▸ WHAT THE EXERCISE ASKS: What is needed is an exact printout of all the data.

※

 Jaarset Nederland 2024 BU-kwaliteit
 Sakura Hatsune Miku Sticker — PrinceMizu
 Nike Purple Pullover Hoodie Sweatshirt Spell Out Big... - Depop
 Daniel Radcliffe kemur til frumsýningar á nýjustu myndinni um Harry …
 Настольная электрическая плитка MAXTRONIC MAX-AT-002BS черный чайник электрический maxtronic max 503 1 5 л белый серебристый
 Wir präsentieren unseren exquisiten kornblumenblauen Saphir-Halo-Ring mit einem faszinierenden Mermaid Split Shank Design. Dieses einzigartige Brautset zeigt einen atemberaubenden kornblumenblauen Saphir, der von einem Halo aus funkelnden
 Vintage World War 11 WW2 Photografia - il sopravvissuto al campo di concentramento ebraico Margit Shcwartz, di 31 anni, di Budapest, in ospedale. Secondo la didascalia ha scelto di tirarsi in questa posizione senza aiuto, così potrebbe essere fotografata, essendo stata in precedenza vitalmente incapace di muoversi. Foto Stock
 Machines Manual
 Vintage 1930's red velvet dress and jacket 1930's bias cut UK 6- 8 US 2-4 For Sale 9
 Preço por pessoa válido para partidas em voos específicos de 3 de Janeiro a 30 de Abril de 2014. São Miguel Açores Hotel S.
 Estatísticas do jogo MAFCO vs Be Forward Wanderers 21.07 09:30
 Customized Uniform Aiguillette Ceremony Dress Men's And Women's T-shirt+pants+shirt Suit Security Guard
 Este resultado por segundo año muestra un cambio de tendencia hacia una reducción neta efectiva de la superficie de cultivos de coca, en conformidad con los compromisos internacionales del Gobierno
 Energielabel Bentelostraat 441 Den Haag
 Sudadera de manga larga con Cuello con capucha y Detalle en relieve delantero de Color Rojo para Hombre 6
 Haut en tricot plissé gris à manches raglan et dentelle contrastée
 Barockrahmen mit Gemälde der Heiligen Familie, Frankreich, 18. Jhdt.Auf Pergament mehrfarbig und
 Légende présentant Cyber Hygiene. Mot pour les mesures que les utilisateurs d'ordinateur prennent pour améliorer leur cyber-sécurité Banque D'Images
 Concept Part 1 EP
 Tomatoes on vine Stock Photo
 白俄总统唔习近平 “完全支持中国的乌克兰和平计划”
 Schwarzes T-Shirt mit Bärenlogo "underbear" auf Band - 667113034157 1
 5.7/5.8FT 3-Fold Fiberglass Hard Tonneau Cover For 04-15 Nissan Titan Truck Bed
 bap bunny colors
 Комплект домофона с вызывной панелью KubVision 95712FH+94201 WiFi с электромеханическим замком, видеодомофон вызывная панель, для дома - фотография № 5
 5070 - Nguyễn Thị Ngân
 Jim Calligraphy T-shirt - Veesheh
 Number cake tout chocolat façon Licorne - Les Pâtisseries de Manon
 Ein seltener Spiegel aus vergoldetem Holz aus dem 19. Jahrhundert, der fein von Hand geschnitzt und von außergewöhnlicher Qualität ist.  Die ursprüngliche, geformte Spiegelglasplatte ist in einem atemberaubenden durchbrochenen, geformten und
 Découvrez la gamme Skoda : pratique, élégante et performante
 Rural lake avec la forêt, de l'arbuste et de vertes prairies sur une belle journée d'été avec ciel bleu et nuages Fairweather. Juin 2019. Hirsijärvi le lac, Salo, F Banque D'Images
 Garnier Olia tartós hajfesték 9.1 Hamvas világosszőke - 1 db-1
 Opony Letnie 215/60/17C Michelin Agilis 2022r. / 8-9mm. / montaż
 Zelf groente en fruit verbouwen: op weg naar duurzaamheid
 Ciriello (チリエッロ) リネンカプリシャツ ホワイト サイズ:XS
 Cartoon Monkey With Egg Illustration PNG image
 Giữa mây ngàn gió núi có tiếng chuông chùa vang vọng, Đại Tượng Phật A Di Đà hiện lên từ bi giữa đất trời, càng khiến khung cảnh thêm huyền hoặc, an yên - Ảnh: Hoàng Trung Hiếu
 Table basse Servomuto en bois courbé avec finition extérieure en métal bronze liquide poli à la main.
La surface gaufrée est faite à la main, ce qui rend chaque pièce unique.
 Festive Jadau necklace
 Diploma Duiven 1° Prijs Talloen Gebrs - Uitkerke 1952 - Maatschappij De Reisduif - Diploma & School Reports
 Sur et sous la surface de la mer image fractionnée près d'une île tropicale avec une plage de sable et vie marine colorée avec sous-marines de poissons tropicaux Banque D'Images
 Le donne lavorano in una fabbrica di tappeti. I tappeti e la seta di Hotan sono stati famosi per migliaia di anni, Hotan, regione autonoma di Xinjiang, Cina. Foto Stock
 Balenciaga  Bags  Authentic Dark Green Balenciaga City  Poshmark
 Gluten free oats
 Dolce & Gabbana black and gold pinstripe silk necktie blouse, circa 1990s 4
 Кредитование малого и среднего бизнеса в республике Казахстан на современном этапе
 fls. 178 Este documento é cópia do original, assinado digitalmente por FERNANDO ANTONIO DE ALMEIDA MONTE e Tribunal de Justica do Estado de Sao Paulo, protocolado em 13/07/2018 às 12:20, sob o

※

▸ RESULT BELOW:
 Jaarset Nederland 2024 BU-kwaliteit
 Sakura Hatsune Miku Sticker — PrinceMizu
 Nike Purple Pullover Hoodie Sweatshirt Spell Out Big... - Depop
 Daniel Radcliffe kemur til frumsýningar á nýjustu myndinni um Harry …
 Настольная электрическая плитка MAXTRONIC MAX-AT-002BS черный чайник электрический maxtronic max 503 1 5 л белый серебристый
 Wir präsentieren unseren exquisiten kornblumenblauen Saphir-Halo-Ring mit einem faszinierenden Mermaid Split Shank Design. Dieses einzigartige Brautset zeigt einen atemberaubenden kornblumenblauen Saphir, der von einem Halo aus funkelnden
 Vintage World War 11 WW2 Photografia - il sopravvissuto al campo di concentramento ebraico Margit Shcwartz, di 31 anni, di Budapest, in ospedale. Secondo la didascalia ha scelto di tirarsi in questa posizione senza aiuto, così potrebbe essere fotografata, essendo stata in precedenza vitalmente incapace di muoversi. Foto Stock
 Machines Manual
 Vintage 1930's red velvet dress and jacket 1930's bias cut UK 6- 8 US 2-4 For Sale 9
 Preço por pessoa válido para partidas em voos específicos de 3 de Janeiro a 30 de Abril de 2014. São Miguel Açores Hotel S.
 Estatísticas do jogo MAFCO vs Be Forward Wanderers 21.07 09:30
 Customized Uniform Aiguillette Ceremony Dress Men's And Women's T-shirt+pants+shirt Suit Security Guard
 Este resultado por segundo año muestra un cambio de tendencia hacia una reducción neta efectiva de la superficie de cultivos de coca, en conformidad con los compromisos internacionales del Gobierno
 Energielabel Bentelostraat 441 Den Haag
 Sudadera de manga larga con Cuello con capucha y Detalle en relieve delantero de Color Rojo para Hombre 6
 Haut en tricot plissé gris à manches raglan et dentelle contrastée
 Barockrahmen mit Gemälde der Heiligen Familie, Frankreich, 18. Jhdt.Auf Pergament mehrfarbig und
 Légende présentant Cyber Hygiene. Mot pour les mesures que les utilisateurs d'ordinateur prennent pour améliorer leur cyber-sécurité Banque D'Images
 Concept Part 1 EP
 Tomatoes on vine Stock Photo
 白俄总统唔习近平 “完全支持中国的乌克兰和平计划”
 Schwarzes T-Shirt mit Bärenlogo "underbear" auf Band - 667113034157 1
 5.7/5.8FT 3-Fold Fiberglass Hard Tonneau Cover For 04-15 Nissan Titan Truck Bed
 bap bunny colors
 Комплект домофона с вызывной панелью KubVision 95712FH+94201 WiFi с электромеханическим замком, видеодомофон вызывная панель, для дома - фотография № 5
 5070 - Nguyễn Thị Ngân
 Jim Calligraphy T-shirt - Veesheh
 Number cake tout chocolat façon Licorne - Les Pâtisseries de Manon
 Ein seltener Spiegel aus vergoldetem Holz aus dem 19. Jahrhundert, der fein von Hand geschnitzt und von außergewöhnlicher Qualität ist.  Die ursprüngliche, geformte Spiegelglasplatte ist in einem atemberaubenden durchbrochenen, geformten und
 Découvrez la gamme Skoda : pratique, élégante et performante
 Rural lake avec la forêt, de l'arbuste et de vertes prairies sur une belle journée d'été avec ciel bleu et nuages Fairweather. Juin 2019. Hirsijärvi le lac, Salo, F Banque D'Images
 Garnier Olia tartós hajfesték 9.1 Hamvas világosszőke - 1 db-1
 Opony Letnie 215/60/17C Michelin Agilis 2022r. / 8-9mm. / montaż
 Zelf groente en fruit verbouwen: op weg naar duurzaamheid
 Ciriello (チリエッロ) リネンカプリシャツ ホワイト サイズ:XS
 Cartoon Monkey With Egg Illustration PNG image
 Giữa mây ngàn gió núi có tiếng chuông chùa vang vọng, Đại Tượng Phật A Di Đà hiện lên từ bi giữa đất trời, càng khiến khung cảnh thêm huyền hoặc, an yên - Ảnh: Hoàng Trung Hiếu
 Table basse Servomuto en bois courbé avec finition extérieure en métal bronze liquide poli à la main.
La surface gaufrée est faite à la main, ce qui rend chaque pièce unique.
 Festive Jadau necklace
 Diploma Duiven 1° Prijs Talloen Gebrs - Uitkerke 1952 - Maatschappij De Reisduif - Diploma & School Reports
 Sur et sous la surface de la mer image fractionnée près d'une île tropicale avec une plage de sable et vie marine colorée avec sous-marines de poissons tropicaux Banque D'Images
 Le donne lavorano in una fabbrica di tappeti. I tappeti e la seta di Hotan sono stati famosi per migliaia di anni, Hotan, regione autonoma di Xinjiang, Cina. Foto Stock
 Balenciaga  Bags  Authentic Dark Green Balenciaga City  Poshmark
 Gluten free oats
 Dolce & Gabbana black and gold pinstripe silk necktie blouse, circa 1990s 4
 Кредитование малого и среднего бизнеса в республике Казахстан на современном этапе
 fls. 178 Este documento é cópia do original, assinado digitalmente por FERNANDO ANTONIO DE ALMEIDA MONTE e Tribunal de Justica do Estado de Sao Paulo, protocolado em 13/07/2018 às 12:20, sob o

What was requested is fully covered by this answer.